Selbstverständlich bedanke ich mich bei der Staatsregierung und allen Mitarbeitern, denen es gelungen ist, die Verbindungsbüros in Breslau und in Prag endlich auf die Beine zu stellen.

(Beifall bei der CDU und der FDP)

Das ist nicht selbstverständlich. Ich weiß nicht, wie schwer der Weg in Breslau war, aber ich weiß, wie schwierig er in Prag war. Deshalb sollte hier nicht nur lamentiert und nach Fehlern in der sprachlichen Qualität gesucht werden. Wir können das beim nächsten Mal sicherlich besser machen; das nehmen wir mit. Aber es gehört doch auch dazu, die Größe der Aufgabe, die erfüllt worden ist, anzuerkennen. Es ist uns als Freistaat Sachsen gelungen, in Prag eine Vertretung zu bekommen. Das ist Ergebnis langjähriger Arbeit.

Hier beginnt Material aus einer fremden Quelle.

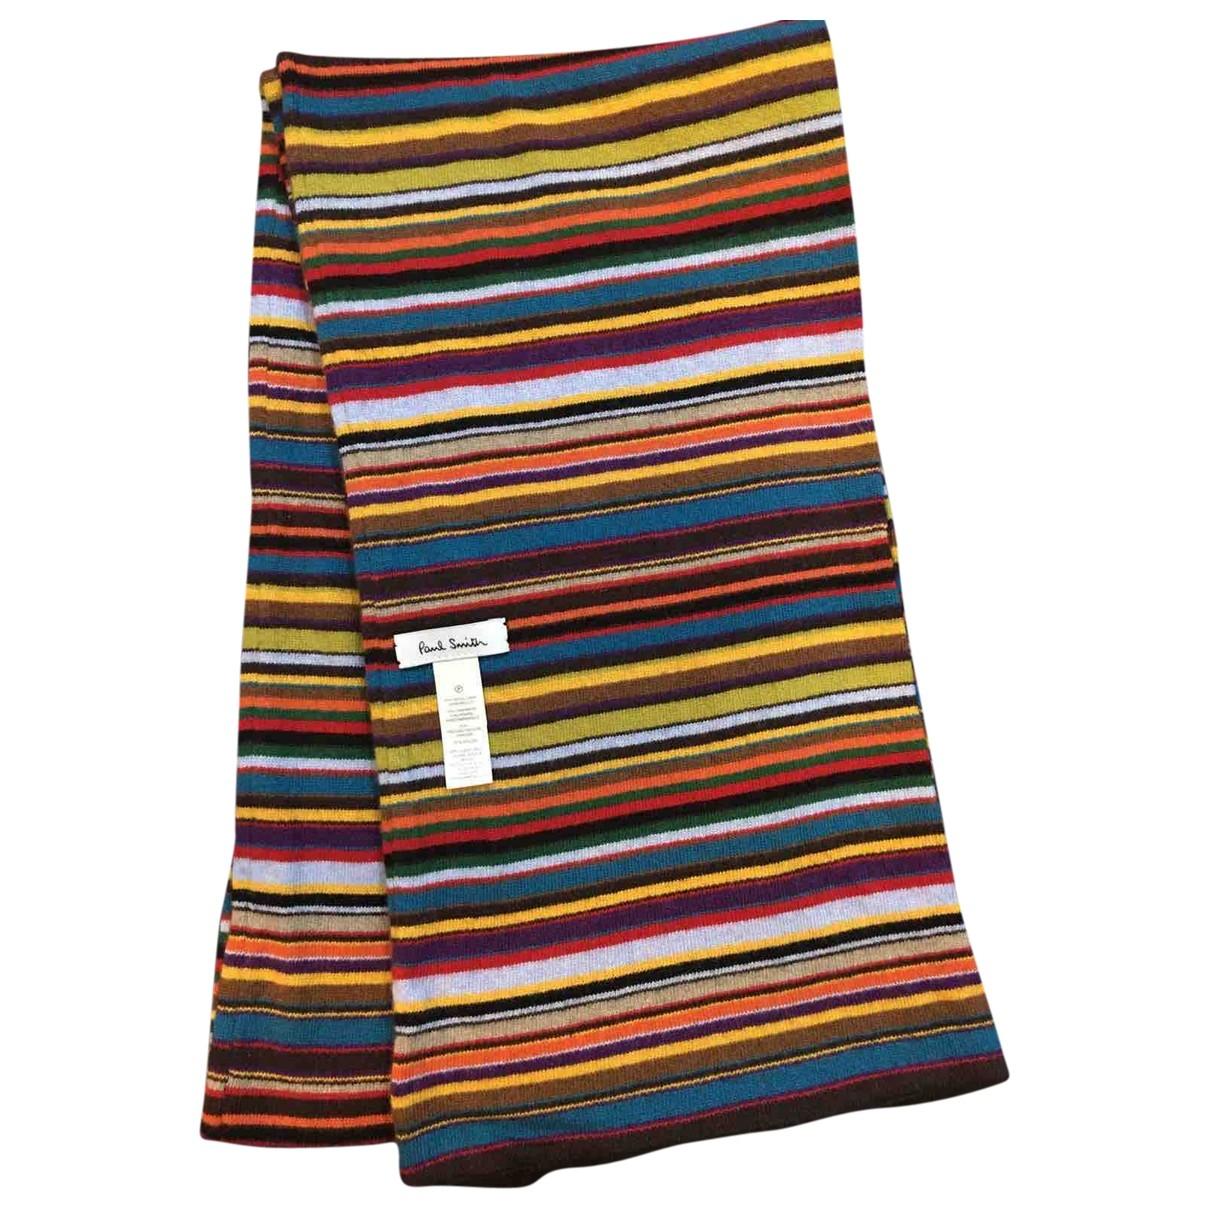 Paul Smith - Cheches.Echarpes   pour homme en cachemire - multicolore
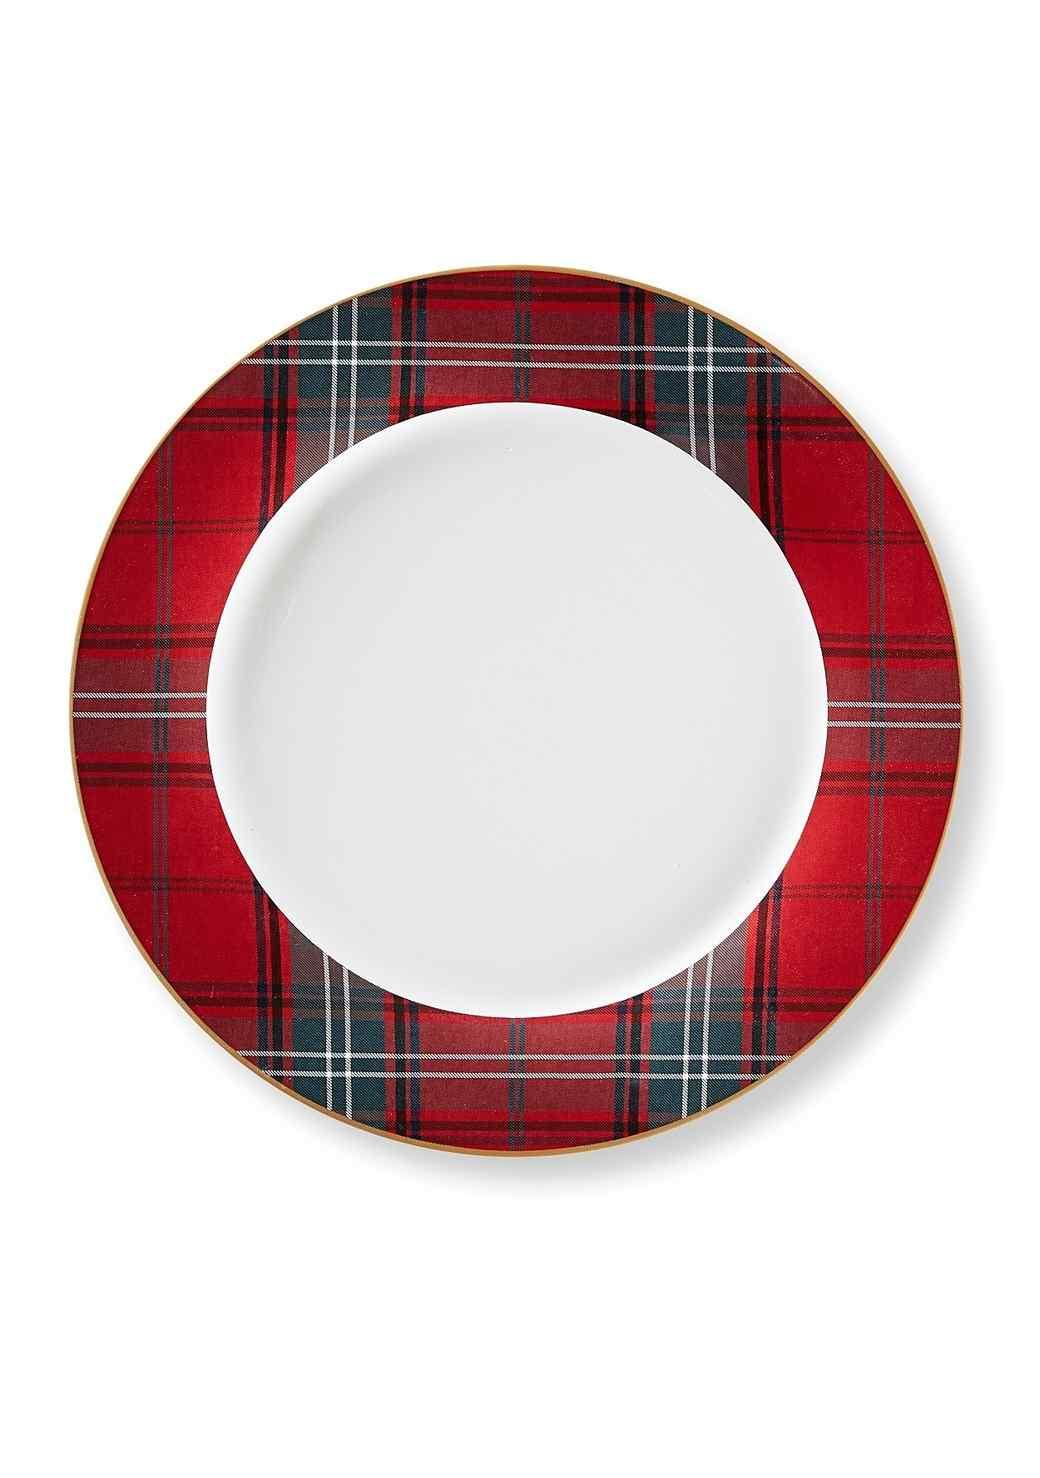 Tartan-Dinner-Plates--Set-Of-4-vs2.jpg (skyword:202883)

(Beifall bei der CDU und der FDP – Zuruf des Abg. Johannes Lichdi, GRÜNE)

Herr Kollege Lichdi, wenn Sie sich nicht mit den sächsischen Themen befassen, dann dürfen Sie sich nicht beschweren, dass Sie nicht mitbekommen, was hier läuft.

(Beifall bei der CDU und der FDP – Johannes Lichdi, GRÜNE: Ich beschwere mich doch gar nicht!)

Ich glaube, wir haben uns im Rahmen der Haushaltsdebatte 2005 zum ersten Mal intensiv mit der Vertretung des Freistaates Sachsen in Prag befasst.

(Johannes Lichdi, GRÜNE, meldet sich zu einer Zwischenfrage.)

Gestatten Sie eine Zwischenfrage, Herr Schiemann?